Check out the documentation for more information.

GPT-WikiText103

A 110M parameter GPT-2 style causal language model trained from scratch on the WikiText-103 dataset using PyTorch and HuggingFace Transformers.

Model Architecture

Component Details
Architecture GPT-2 (decoder-only transformer)
Parameters 110,418,432 (110.4M)
Layers 12
Hidden Size 768
Attention Heads 12
Feed-Forward Size 3072
Context Length 1024 tokens
Vocabulary 32,000 (Byte-Level BPE)
Activation GELU
Positional Encoding Learned absolute

Training Details

Setting Value
Dataset WikiText-103 (~112M tokens)
Epochs 3
Optimizer AdamW (betas=0.9/0.95, weight_decay=0.1)
Learning Rate 3e-4 (cosine decay with 5% warmup)
Batch Size 8 micro-batch x 8 accumulation = 64 effective
Precision FP16 mixed precision
Gradient Clipping max_norm = 1.0
Dropout 0.1 (residual, embedding, attention)
Hardware Single NVIDIA Tesla T4 (16 GB)
Training Time 426 minutes (7.1 hours)
Total Optimizer Steps 5,124

Tokenizer

A custom Byte-Level BPE tokenizer was trained on the WikiText-103 training corpus (529 MB of cleaned text) with a vocabulary size of 32,000 tokens.

Weight Initialization

  • Linear and embedding layers: N(0, 0.02)
  • Residual projection layers: scaled by 1/sqrt(2N) per the GPT-2 paper
  • Layer norms: weight=1.0, bias=0.0

Results

Evaluation Metrics

Epoch Train Loss Train PPL Eval Loss Eval PPL
1 5.1393 170.6 3.9563 52.3
2 3.8409 46.6 3.5589 35.1
3 3.5854 36.1 3.4760 32.3

Best model: Epoch 3 โ€” Eval Loss 3.4760, Eval Perplexity 32.3

Training Progression

Loss decreased steadily across all 5,124 optimizer steps:

Step Loss PPL LR
50 8.0844 3,243.6 5.86e-05
500 5.4757 238.8 2.98e-04
1,000 4.7087 110.9 2.83e-04
1,500 4.0939 60.0 2.54e-04
2,000 3.9379 51.3 2.15e-04
2,500 3.7692 43.3 1.68e-04
3,000 3.8041 44.9 1.20e-04
3,500 3.6710 39.3 7.51e-05
4,000 3.6703 39.3 3.78e-05
4,500 3.5960 36.5 1.20e-05
5,100 3.6593 38.8 1.80e-08

Generation Samples

Text generated with temperature=0.8, top_k=50, top_p=0.95, repetition_penalty=1.2:

Prompt: The history of artificial intelligence

The history of artificial intelligence has not been discovered in the ancient Egyptian @-@ era period , with a variety of scientific and educational institutions such as those from the Middle Ages to the 13th century . These include the Authorsian Archaeological Institute ( now called the University of Egypt ) , the British Museum of Archaeology and Art .

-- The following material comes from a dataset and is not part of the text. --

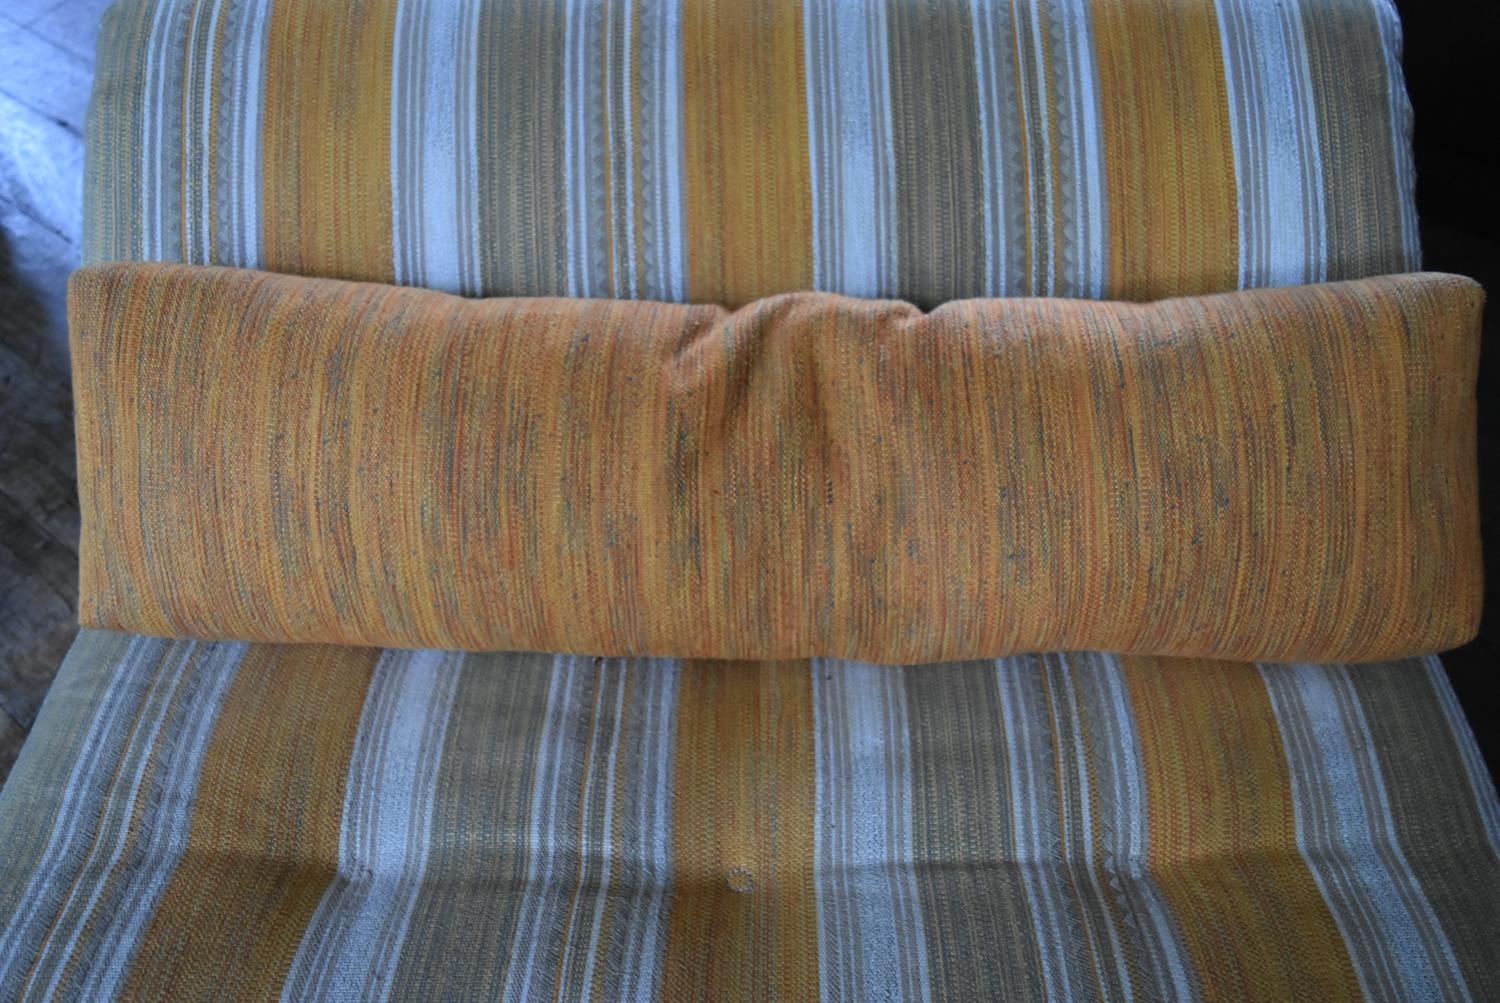 A Roche Bobois chaise in soft candy stripe buttoned upholstery with bolster cushion. H.60 L.140 W. - Image 5 of 5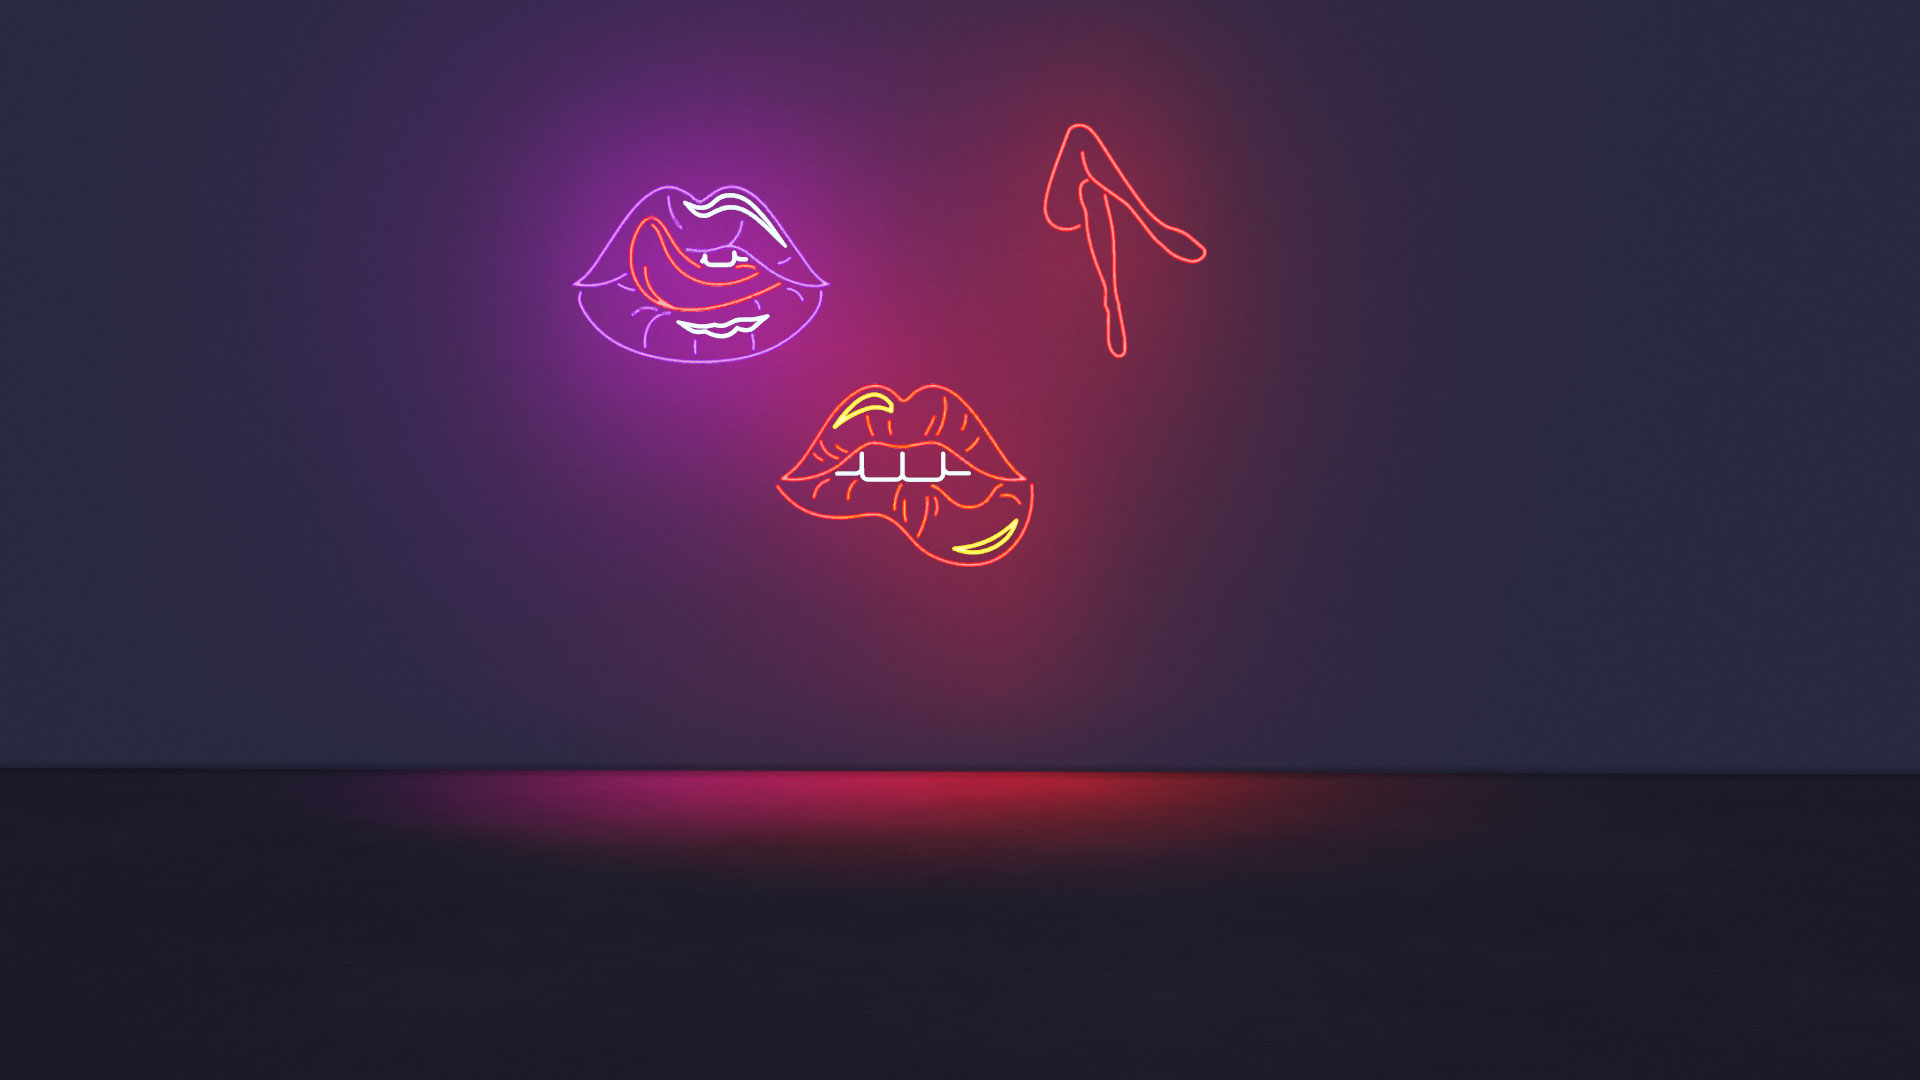 The sims 4 neon lip signs and neon legs sign

Prompt: In a distant galaxy, far beyond

In a distant galaxy, far beyond Earth , it is the only planet of its class .

Prompt: The economy of the United States

The economy of the United States was based on large @-@ scale industries ; a large majority , including many smaller states and cities . The nation 's population growth in agriculture increased from around $ 2 billion to $ 3 @.@ 6 million . This growth continued throughout the 1970s to 80 percent during the 1980s .

Dataset

WikiText-103-raw-v1 โ€” a collection of over 100 million tokens extracted from verified Good and Featured articles on Wikipedia.

Split Raw Lines Cleaned Paragraphs Tokens
Train 1,801,350 874,786 111,960,667
Validation 3,760 1,863 234,817
Test 4,358 โ€” โ€”

After tokenization, the corpus was concatenated and chunked into fixed-length sequences of 1,024 tokens, yielding 109,336 training sequences and 229 validation sequences.

Model Files

File Description
model.safetensors Model weights (safetensors format)
config.json Model architecture configuration
tokenizer.json Trained BPE tokenizer
tokenizer_config.json Tokenizer settings
generation_config.json Default generation parameters

Total size on disk: 444 MB

Usage

from transformers import GPT2LMHeadModel, PreTrainedTokenizerFast

model = GPT2LMHeadModel.from_pretrained("gpt_wikitext103/final_model")
tokenizer = PreTrainedTokenizerFast.from_pretrained("gpt_wikitext103/final_model")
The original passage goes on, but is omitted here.